Democracy and Education: An Introduction to the Philosophy of Education is a 1916 book by John Dewey.

==Synopsis==
In Democracy and Education, Dewey argues that the primary ineluctable facts of the birth and death of each one of the constituent members in a social group determine the necessity of education. On one hand, there is the contrast between the immaturity of the new-born members of the group (its future sole representatives) and the maturity of the adult members who possess the knowledge and customs of the group. On the other hand, there is the necessity that these immature members be not merely physically preserved in adequate numbers, but that they be initiated into the interests, purposes, information, skill, and practices of the mature members: otherwise the group will cease its characteristic life.

Dewey observes that even in a "savage" tribe, the achievements of adults are far beyond what the immature members would be capable of if left to themselves.
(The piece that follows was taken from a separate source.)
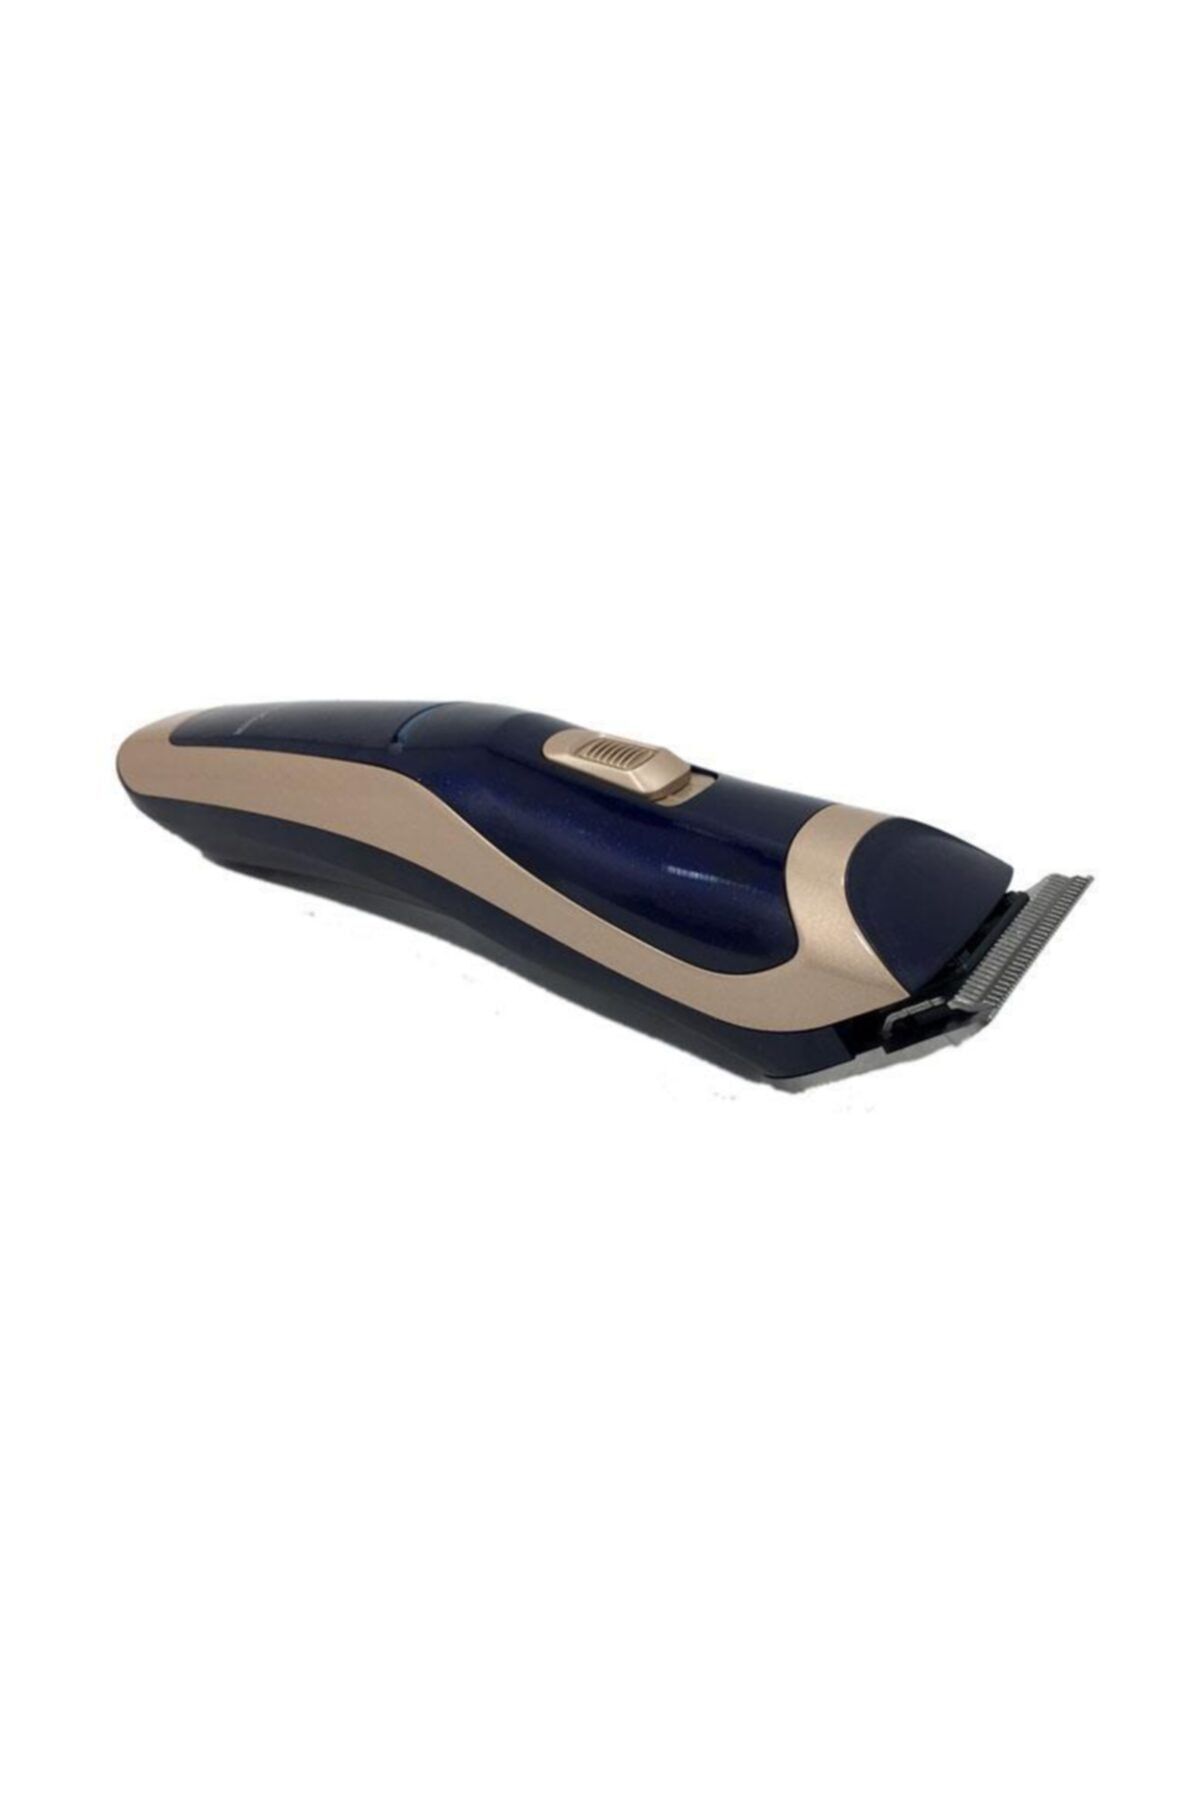 welpower 0.2 mm Ince Kesim Bıçaklı Hijyenik Şarjlı Saç Sakal Tıraş Makinesi Wp-7100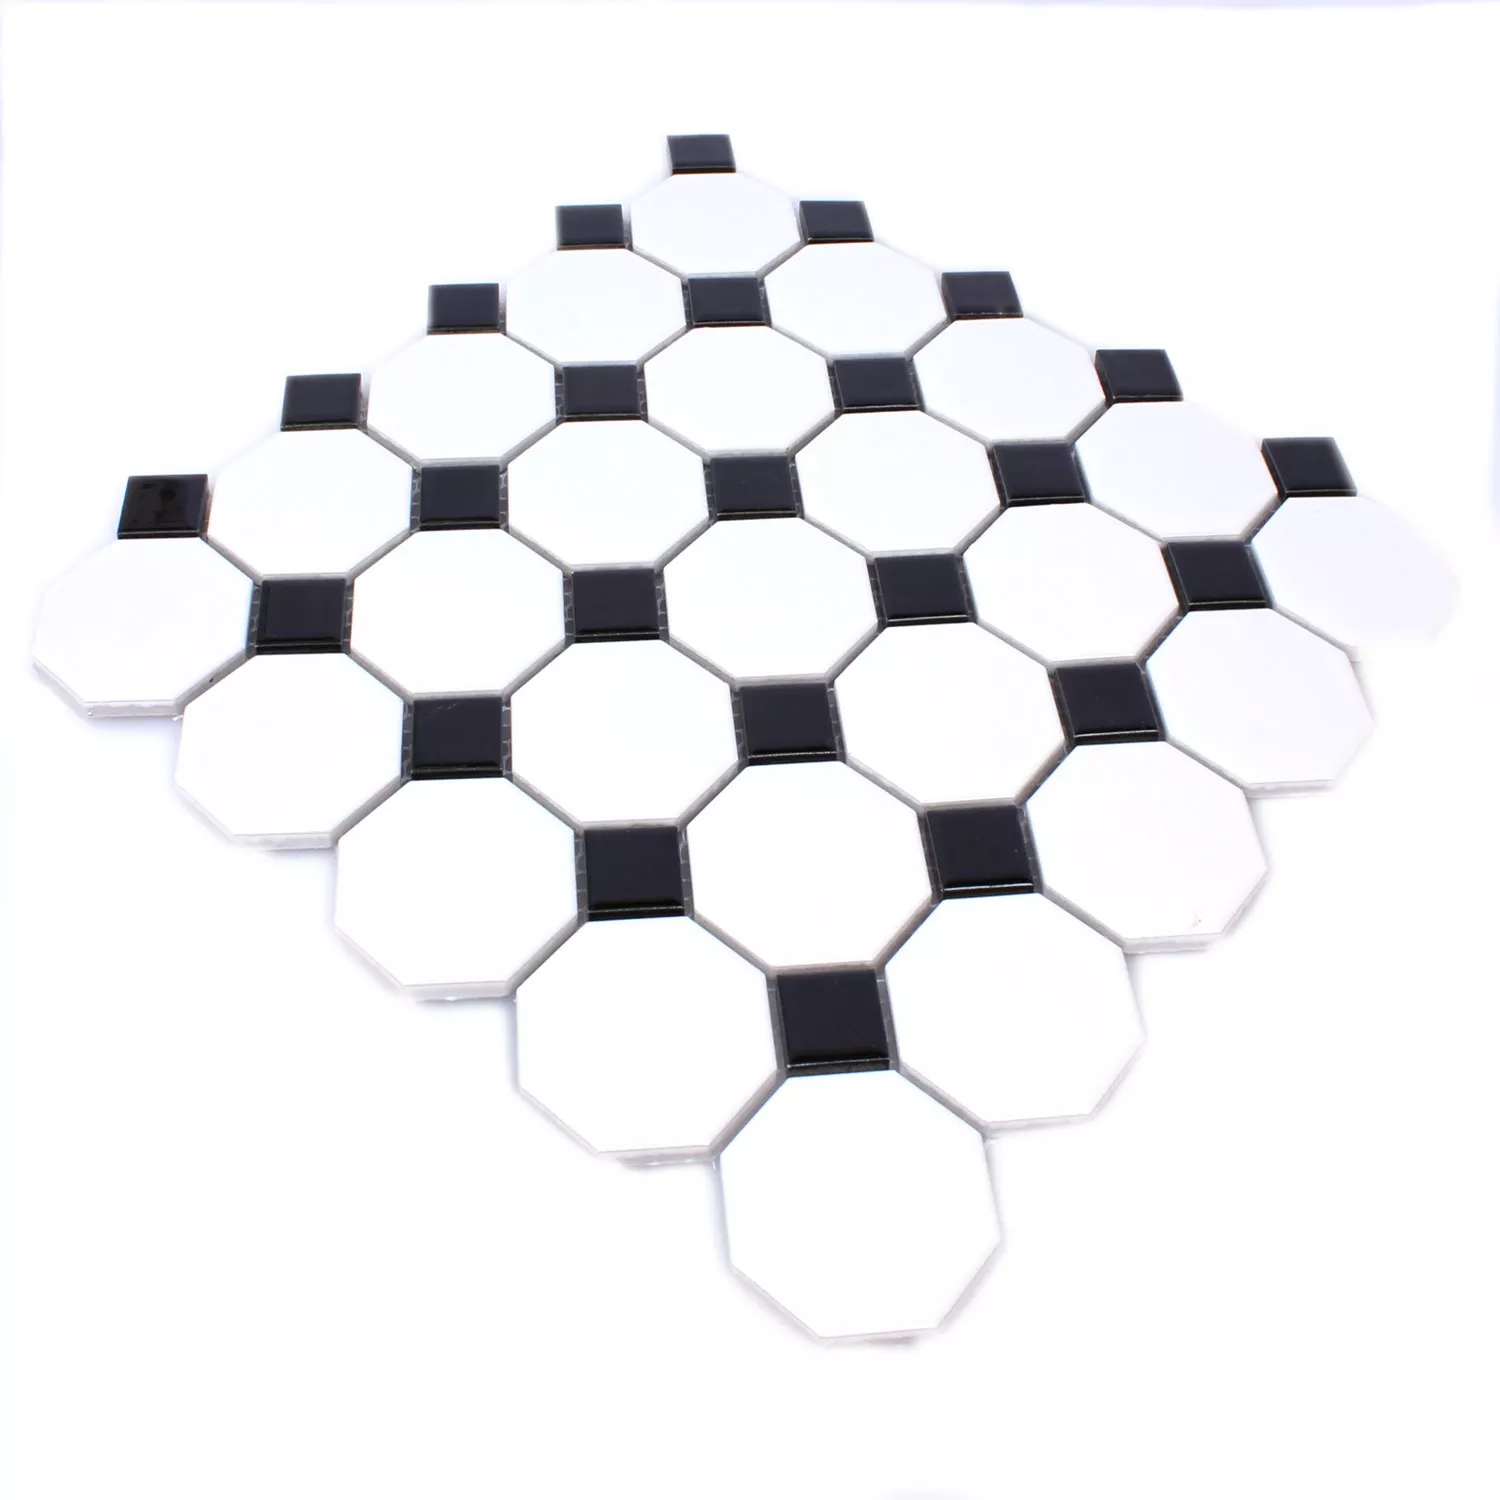 Sample Mosaic Tiles Ceramic Octagon Belami Black White

With the growth of civilization, the gap between the original capacities of the immature and the standards and customs of the elders increases. Mere physical growing up and mastery of the bare necessities of subsistence will not suffice to reproduce the life of the group. Deliberate effort and the taking of thoughtful pains are required. Beings who are born not only unaware of, but quite indifferent to, the aims and habits of the social group have to be rendered cognizant of them and actively interested. According to Dewey, education, and education alone, spans the gap.

==Reception==
Dewey's ideas were never broadly and deeply integrated into the practices of American public schools, though some of his values and terms were widespread. In the post-Cold War period, however, progressive education had reemerged in many school reform and education theory circles as a thriving field of inquiry learning and inquiry-based science.